For the $(7, \, 4, \, 3)$ Hamming code, it follows:
- $${\rm Pr(block\:error)} \le \left\{ \begin{array}{c} 2.03 \cdot 10^{-3}\\ 2.09 \cdot 10^{-5} \end{array} \right.\quad \begin{array}{*{1}c} {\rm f\ddot{u}r}\hspace{0.15cm} \varepsilon = 10^{-2} \\ {\rm f\ddot{u}r}\hspace{0.15cm} \varepsilon = 10^{-3} \\ \end{array} \hspace{0.05cm}.$$
- By comparison with the result of the subtask (1) one recognizes the validity of this approximation.
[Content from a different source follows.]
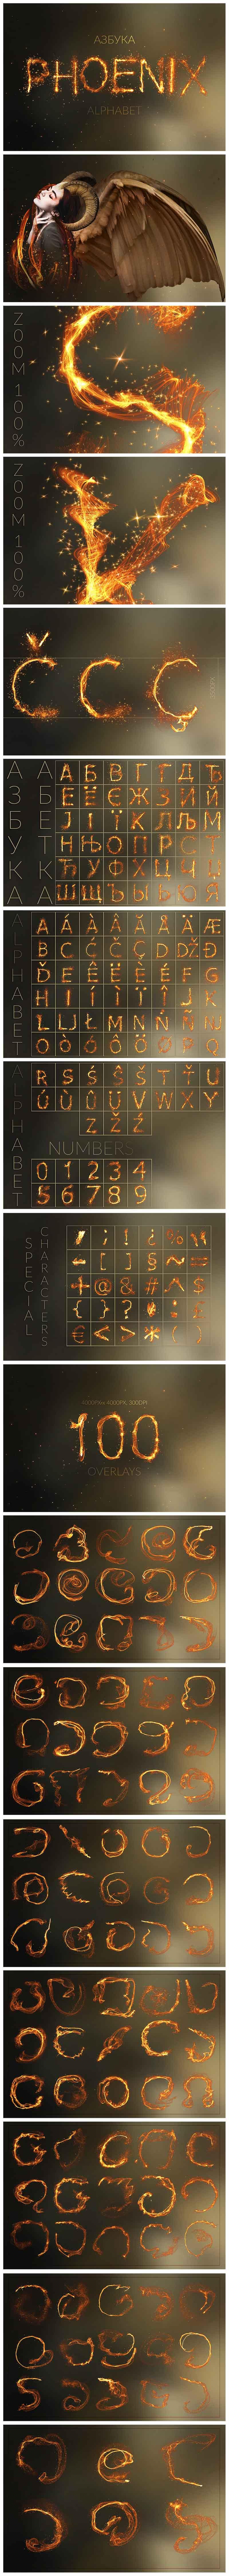 Huge Graphic Bundle Alphabet with 1000+ elements - $25 - Phoenix min

- The smaller the BSC corruption probability $\varepsilon$, the better it is.
(3) The results of subtask (2) can be summarized as follows:
- $${\rm Pr(block\:error)} = \left\{ \begin{array}{l} 3 \cdot \varepsilon^2 \\ 21 \cdot \varepsilon^2\\ 105 \cdot \varepsilon^2\\ \end{array} \right.\quad \begin{array}{*{1}l} {\rm f\ddot{u}r}\hspace{0.15cm} n = 3 \\ {\rm f\ddot{u}r}\hspace{0.15cm} n = 7 \\ {\rm f\ddot{u}r}\hspace{0.15cm} n = 15 \\ \end{array} \hspace{0.05cm}.$$
- Right is answer 1.
- Of course, the Hamming code with the lowest rate $R = 1/3$, i.e. with the greatest relative redundancy, has the lowest block error probability.
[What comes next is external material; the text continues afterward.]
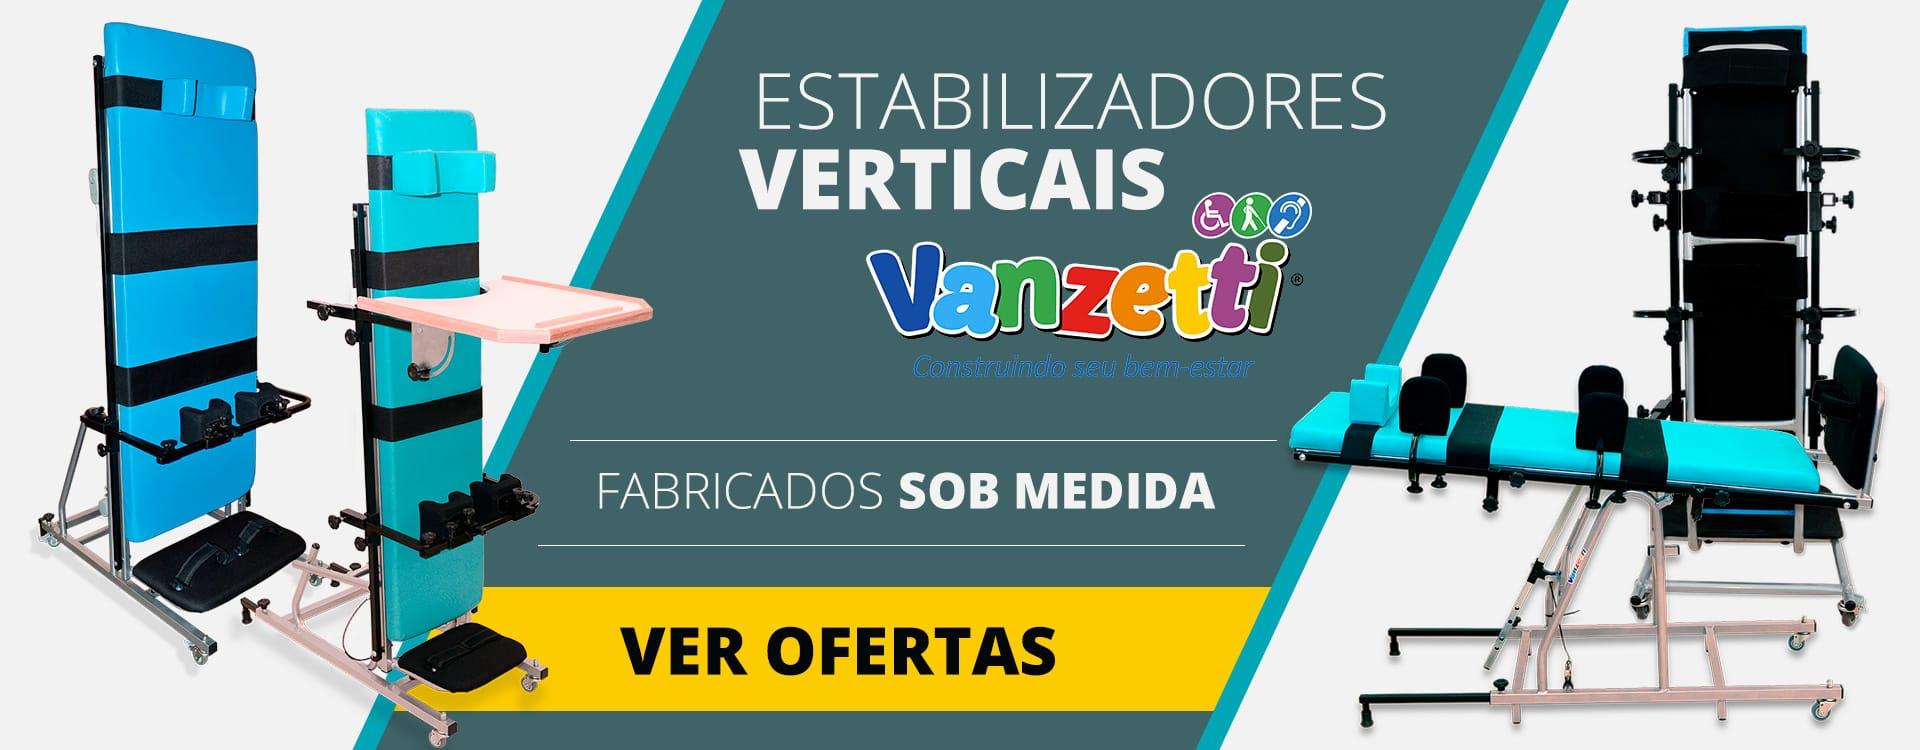 Estabilizadores Verticais Vanzetti

(4) At Hard Decision, with the complementary Gaussian error function ${\rm Q}(x)$:
- $$\varepsilon = {\rm Q}\left ( \sqrt{2 \cdot R \cdot E_{\rm B}/N_0} \right )\hspace{0.3cm} \Rightarrow \hspace{0.3cm} E_{\rm B}/N_0 = \frac{[{\rm Q}^{-1}(\varepsilon)]^2}{2R}\hspace{0.3cm} \Rightarrow \hspace{0.3cm} 10 \cdot {\rm lg} \hspace{0.1cm} E_{\rm B}/N_0 = 20 \cdot {\rm lg} \hspace{0.1cm}[{\rm Q}^{-1}(\varepsilon)] - 10 \cdot {\rm lg} \hspace{0.1cm} (2R) \hspace{0.05cm}.$$
- From this we obtain with $\varepsilon = 0.01 \ ⇒ \ {\rm Q}^{–1}(\varepsilon) = 2.33$:
- $$10 \cdot {\rm lg} \hspace{0.1cm} E_{\rm B}/N_0 = 20 \cdot {\rm lg} \hspace{0.1cm}(2.33) - 10 \cdot {\rm lg} \hspace{0.1cm} (8/7) = 7.35\,{\rm dB} - 0.58\,{\rm dB}\hspace{0.15cm}\underline{\approx 6.77\,{\rm dB}}\hspace{0.05cm}.$$
- $$10 \cdot {\rm lg} \hspace{0.1cm} E_{\rm B}/N_0 = 20 \cdot {\rm lg} \hspace{0.1cm}(3.09) - 0.58\,{\rm dB}\hspace{0.15cm}\underline{\approx 9.22\,{\rm dB}}\hspace{0.05cm}.$$
(5) Here we refer to the block error probability $10^{–5}$.
- According to the result of subtask (2), the BSC corruption probability must then not be greater than
- $$\varepsilon = \sqrt{{10^{-5}}/{21}} = 6.9 \cdot 10^{-4} \hspace{0.3cm} \Rightarrow \hspace{0.3cm} {\rm Q}^{-1}(\varepsilon) = 3.2 \hspace{0.3cm} \Rightarrow \hspace{0.3cm} 10 \cdot {\rm lg} \hspace{0.1cm} E_{\rm B}/N_0 = 9.52\,{\rm dB}\hspace{0.05cm}.$$
- ForSoft Decision according to specification $8 \ {\rm dB} suffices \ ⇒ \ 10 · \lg {G_{\rm SD}} \ \underline{= 1.52 \ {\rm dB}}$.